Ребята тесно обступили Ляпунова.
– Ну? – проговорил Валерий.
И тогда Ляпунов рассказал, что «тип» пробовал его приваживать. В карты играть звал. Намекал, что можно бы здорово подзаработать...
– А зачем мне, когда мне отец, сколько прошу, дает? – прервал себя в этом месте Ляпунов.

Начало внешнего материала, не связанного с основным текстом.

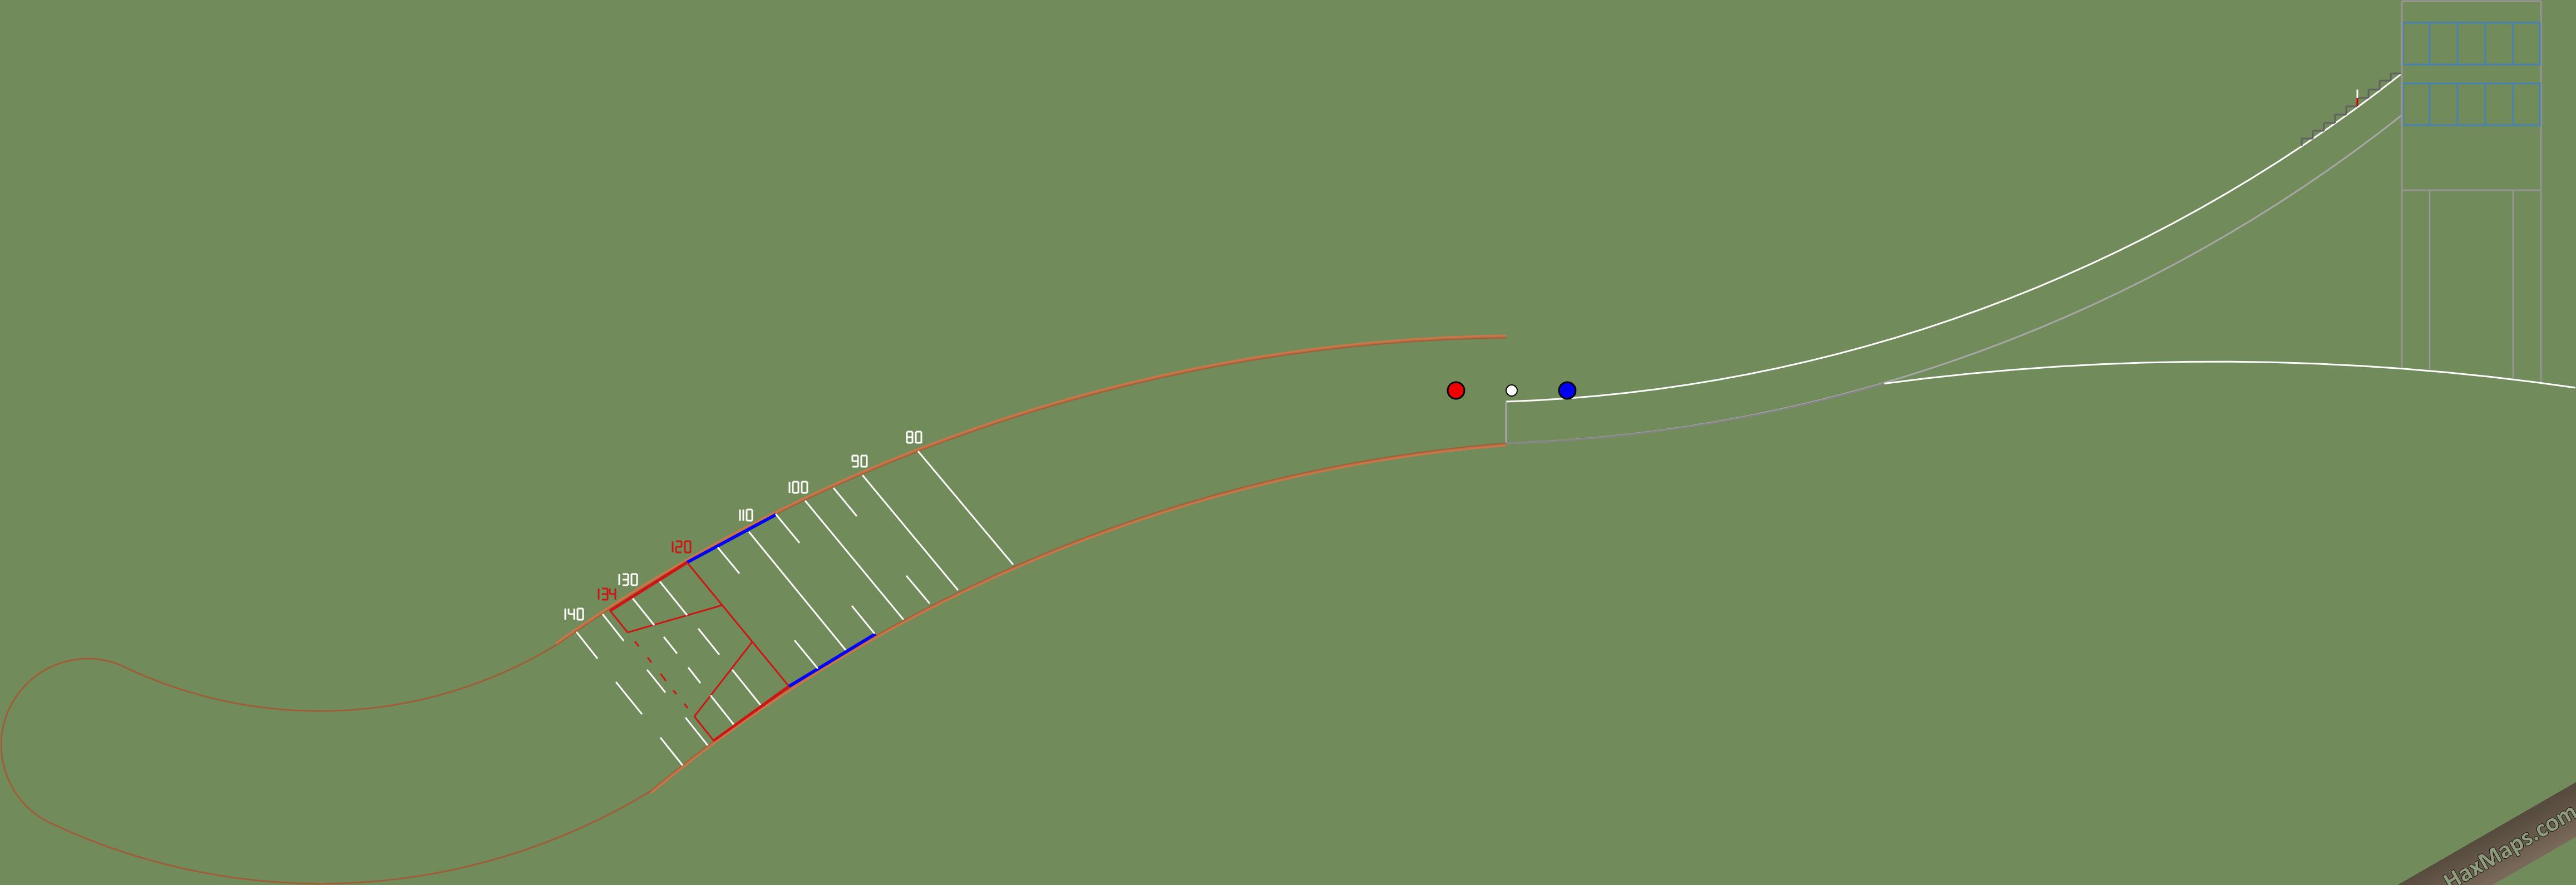 HaxMap: NHL Joe Louis Arena 1G | HaxBall Maps
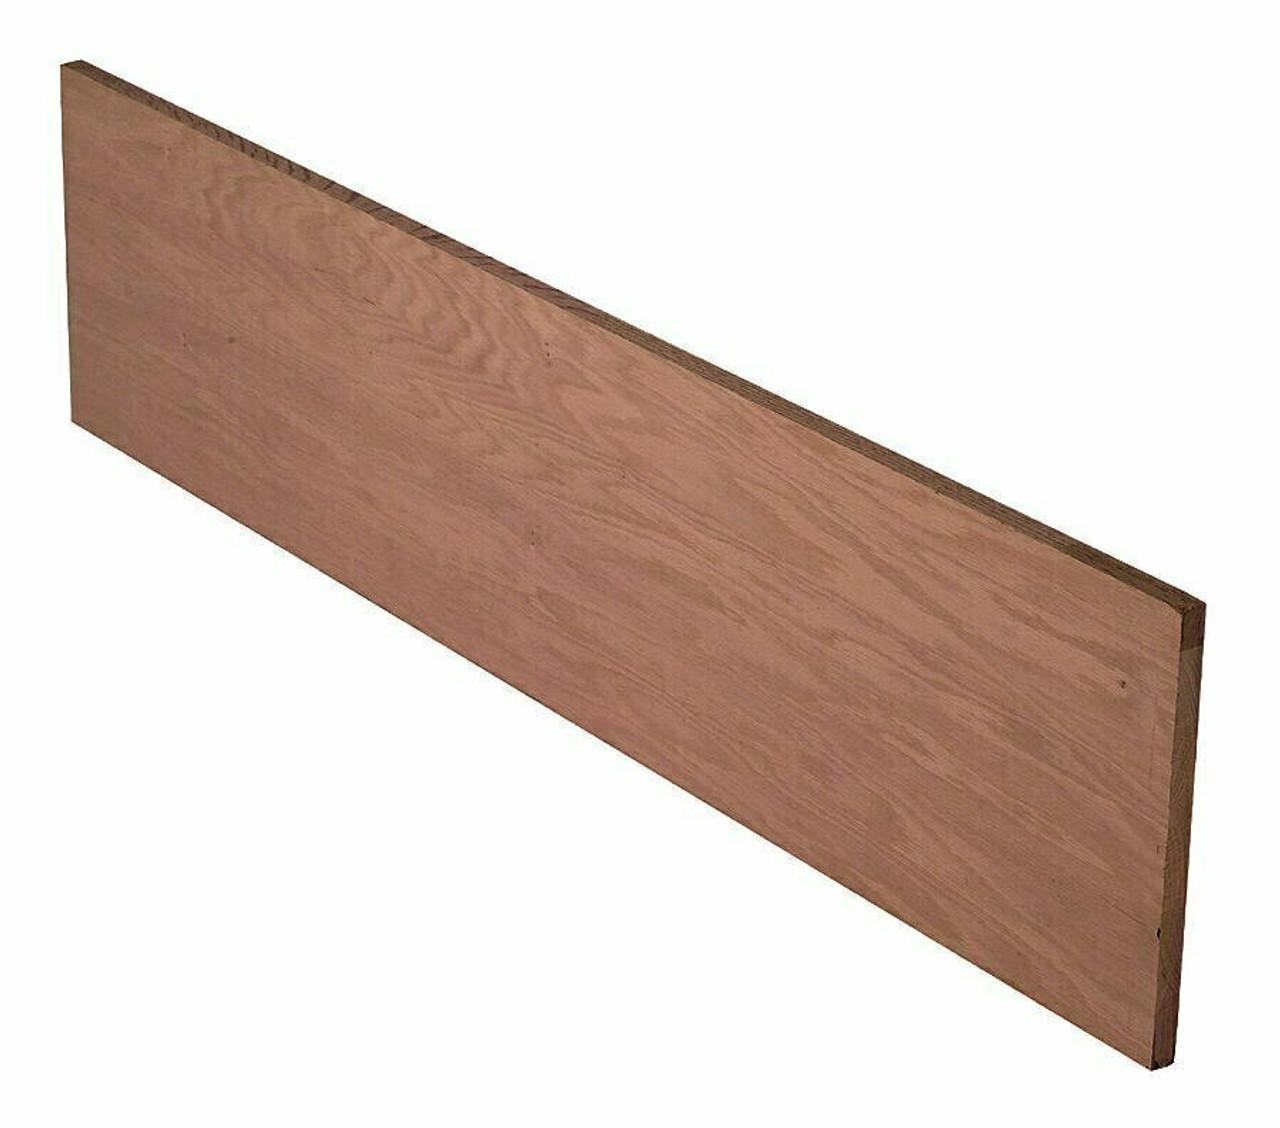 8075 Red Oak Stair Riser

– А если б отец мало давал? – холодно спросил Станкин.
– Все одно себя марать не к чему, – ответил Ляпунов и продолжал: – Когда я наотрез отказался, он и говорит: «Напрасно гнушаешься, из твоей же школы ребята с нами контакт держат».
Игорь и Валерий молча переглянулись.
Ляпунов снова попросил ребят не болтать.
И, как бы оправдывая настойчивость повторной просьбы, напоследок заметил:
– Жизнь-то все же одна... – Попрощавшись, он скрылся в воротах своего дома.
После этого девочки спросили, не проводят ли их мальчики до дому. Теперь ведь с каждым днем темнеет все раньше. Вопрос был задан почему-то вполголоса.
Валерий, Игорь и Стасик Станкин охотно взялись проводить девочек.
– А скажите, – обратился к девочкам Станкин, – до этого года... собственно, до того, как мы стали учиться вместе, у вас в школе и правда все было замечательно? Тишь да гладь?..
– Тиши... то есть тишины, может быть, было действительно больше, – сказала одна из девочек.
– И скуки, – добавила Лена. – Успеваемость, средний процент успеваемости... – произнесла она монотонно и сделала гримасу.
– Но с дисциплиной небось гладко? – спросил Валерий.
– Да ничего, – сказала неохотно Лида Терехина. – По-всякому...
– А вы между собой не дрались? – осведомился Гайдуков с большим любопытством.
– Это-то нет. Но вообще...
– Для чего вспоминать?! – перебила Лена.
Все замолчали. Видя, что девочки немного приуныли, мальчики попытались возобновить полушутливый и веселый разговор, который завязался вначале.
– Дети! – предложил Гайдуков. – Повторим наказ новоиспеченному. Итак... – Игорь окинул всех взглядом, как дирижер, проверяющий готовность оркестрантов. – Итак: задача Валерия – добиться, чтоб пятый «Б» был достоин нашей школы, которая уже много лет служит...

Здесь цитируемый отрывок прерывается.